We can also add power consumtion for the dell servers too:
OMD[mon@inf31]:~/etc/naemon/conf.d/services$ snmpwalk -v 1 -c public 10.32.104.92 1.3.6.1.4.1.674.10892.5.4.600.60
RFC1155-SMI::enterprises.674.10892.5.4.600.60.1.1.1.1 = INTEGER: 1
RFC1155-SMI::enterprises.674.10892.5.4.600.60.1.2.1.1 = INTEGER: 1
RFC1155-SMI::enterprises.674.10892.5.4.600.60.1.3.1.1 = INTEGER: 0
RFC1155-SMI::enterprises.674.10892.5.4.600.60.1.4.1.1 = INTEGER: 2
RFC1155-SMI::enterprises.674.10892.5.4.600.60.1.5.1.1 = INTEGER: 3
RFC1155-SMI::enterprises.674.10892.5.4.600.60.1.6.1.1 = STRING: "System Power Consumption data"
RFC1155-SMI::enterprises.674.10892.5.4.600.60.1.7.1.1 = INTEGER: 19369932
RFC1155-SMI::enterprises.674.10892.5.4.600.60.1.8.1.1 = STRING: "20160421015729.000000-360"
RFC1155-SMI::enterprises.674.10892.5.4.600.60.1.9.1.1 = INTEGER: 761
RFC1155-SMI::enterprises.674.10892.5.4.600.60.1.10.1.1 = STRING: "20160421015729.000000-360"
RFC1155-SMI::enterprises.674.10892.5.4.600.60.1.11.1.1 = STRING: "20220920070802.000000-360"
RFC1155-SMI::enterprises.674.10892.5.4.600.60.1.12.1.1 = INTEGER: 33
RFC1155-SMI::enterprises.674.10892.5.4.600.60.1.13.1.1 = STRING: "20160421015729.000000-360"
RFC1155-SMI::enterprises.674.10892.5.4.600.60.1.14.1.1 = STRING: "20220920070802.000000-360"

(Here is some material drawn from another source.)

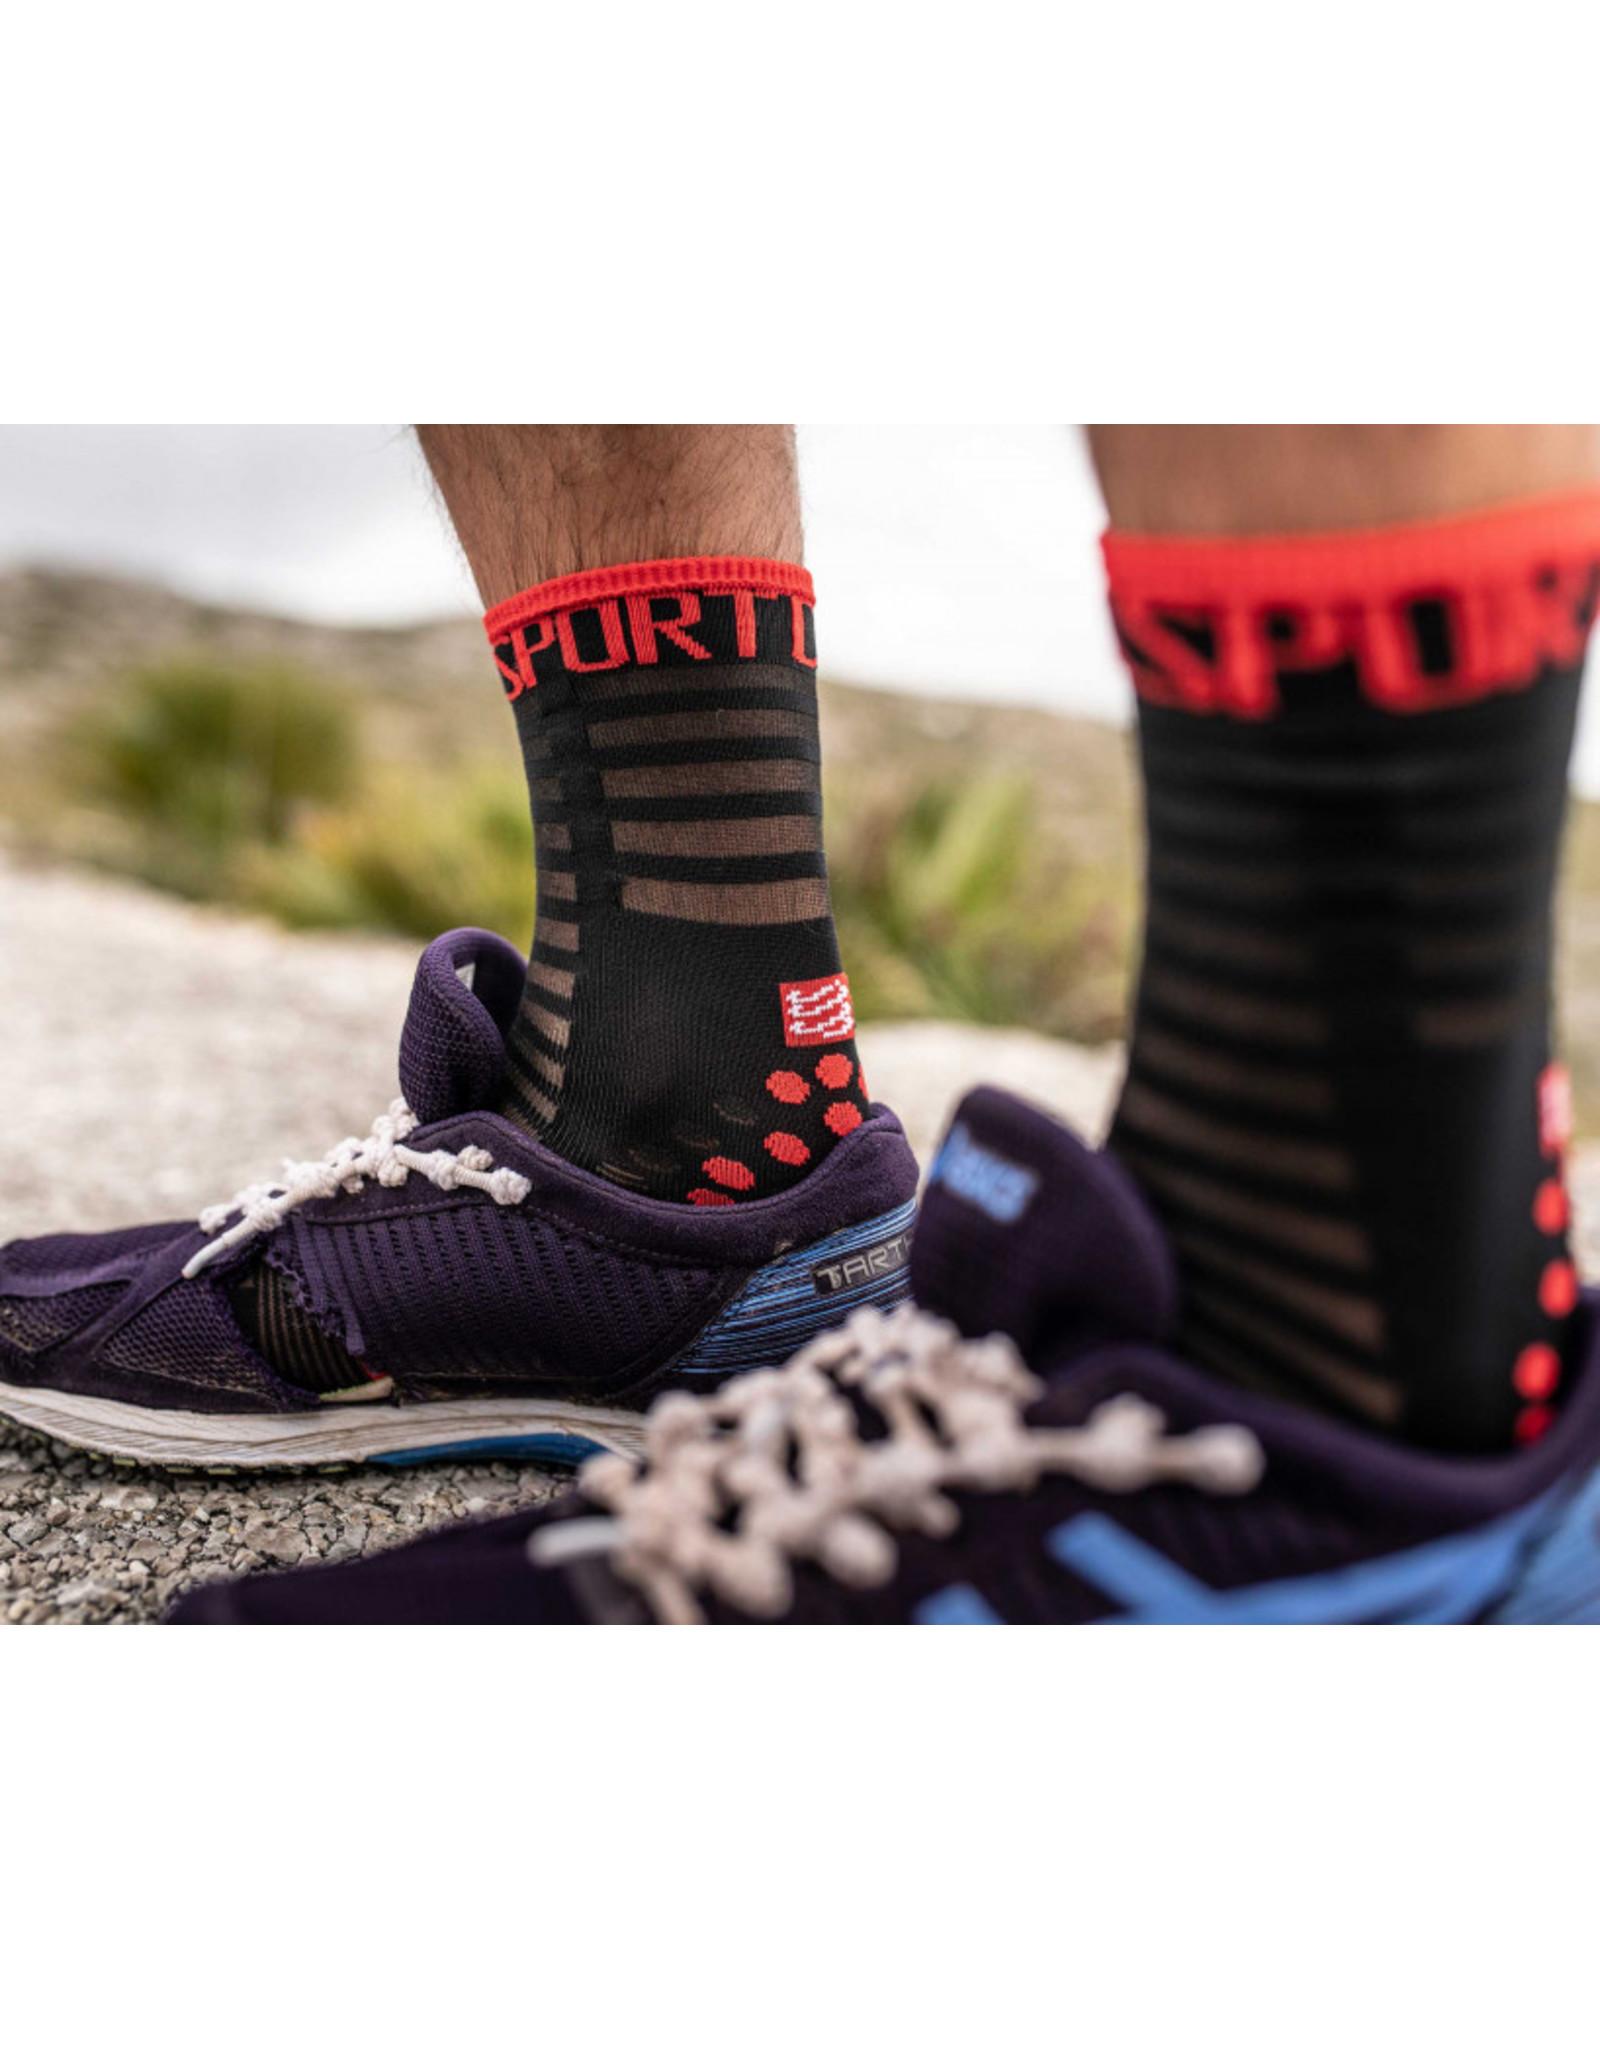 Compressport Pro Racing Socks V3.0 Ultralight Run High Hardloopsokken - Zwart/Rood
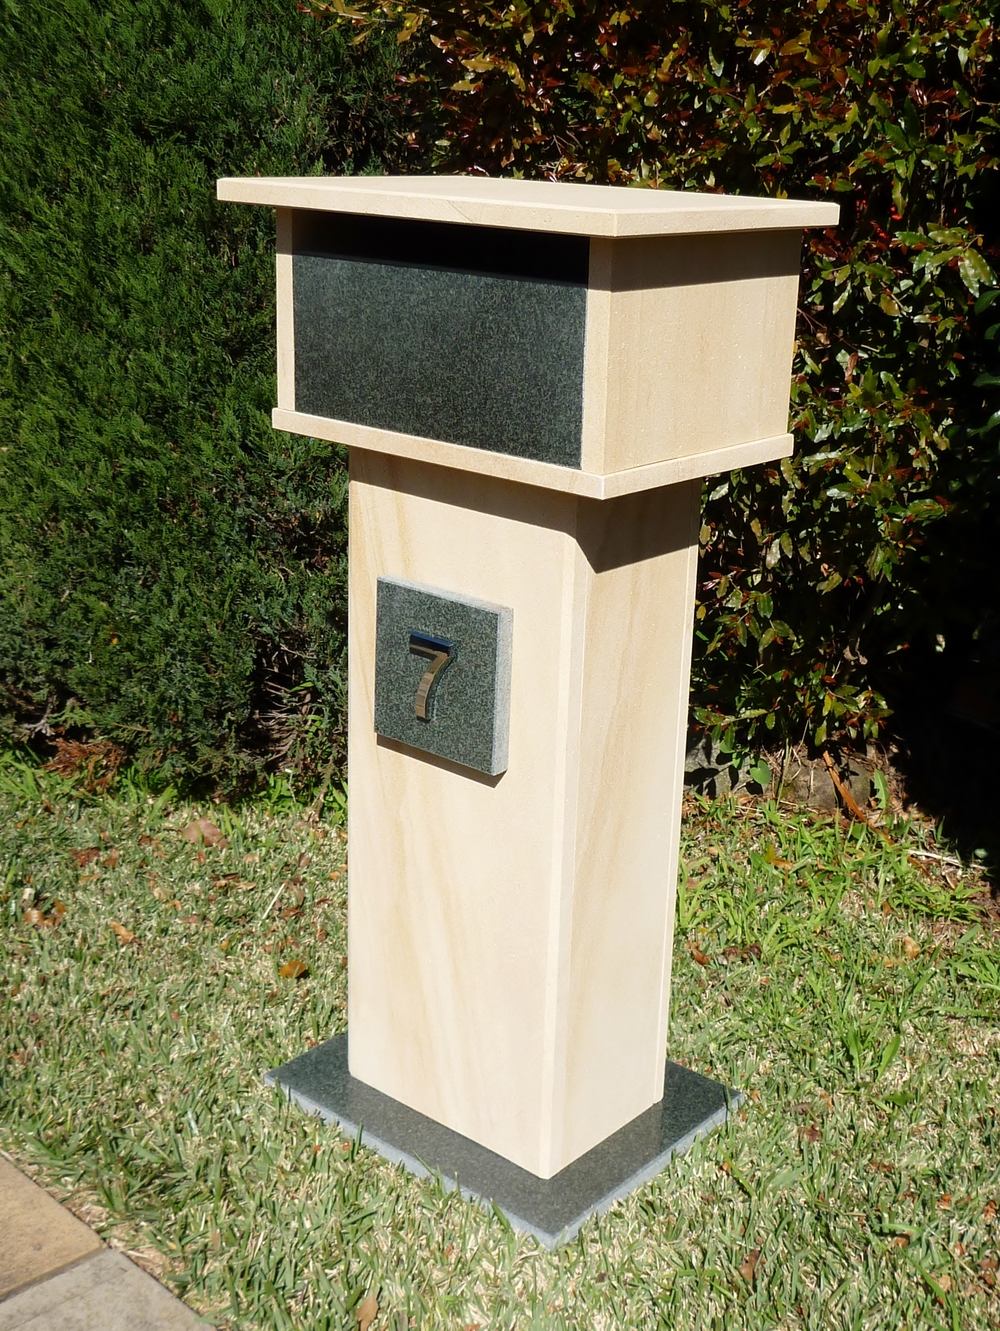 109. Sandstone with granite front, aluminium back door with 2 key lock lock 400x300x850 $440

RFC1155-SMI::enterprises.674.10892.5.4.600.60.1.15.1.1 = INTEGER: 371
RFC1155-SMI::enterprises.674.10892.5.4.600.60.1.16.1.1 = INTEGER: 660
RFC1155-SMI::enterprises.674.10892.5.4.600.60.1.17.1.1 = INTEGER: 3
RFC1155-SMI::enterprises.674.10892.5.4.600.60.1.18.1.1 = INTEGER: 0
RFC1155-SMI::enterprises.674.10892.5.4.600.60.1.19.1.1 = INTEGER: 520
RFC1155-SMI::enterprises.674.10892.5.4.600.60.1.20.1.1 = INTEGER: 429
RFC1155-SMI::enterprises.674.10892.5.4.600.60.1.21.1.1 = INTEGER: 139
.60.1.9.1.1
=> powerUsagePeakWattspowerUsagePeakWatts
.60.1.20.1.1
=> powerUsageInstantaneousHeadroom
.60.1.16.1.1
=> powerUsageMaxPotentialPower
It should be possible to expose IDRAC SNMP air intake temperatures. Add these as service to thruk, to improver early warnings on over temp events.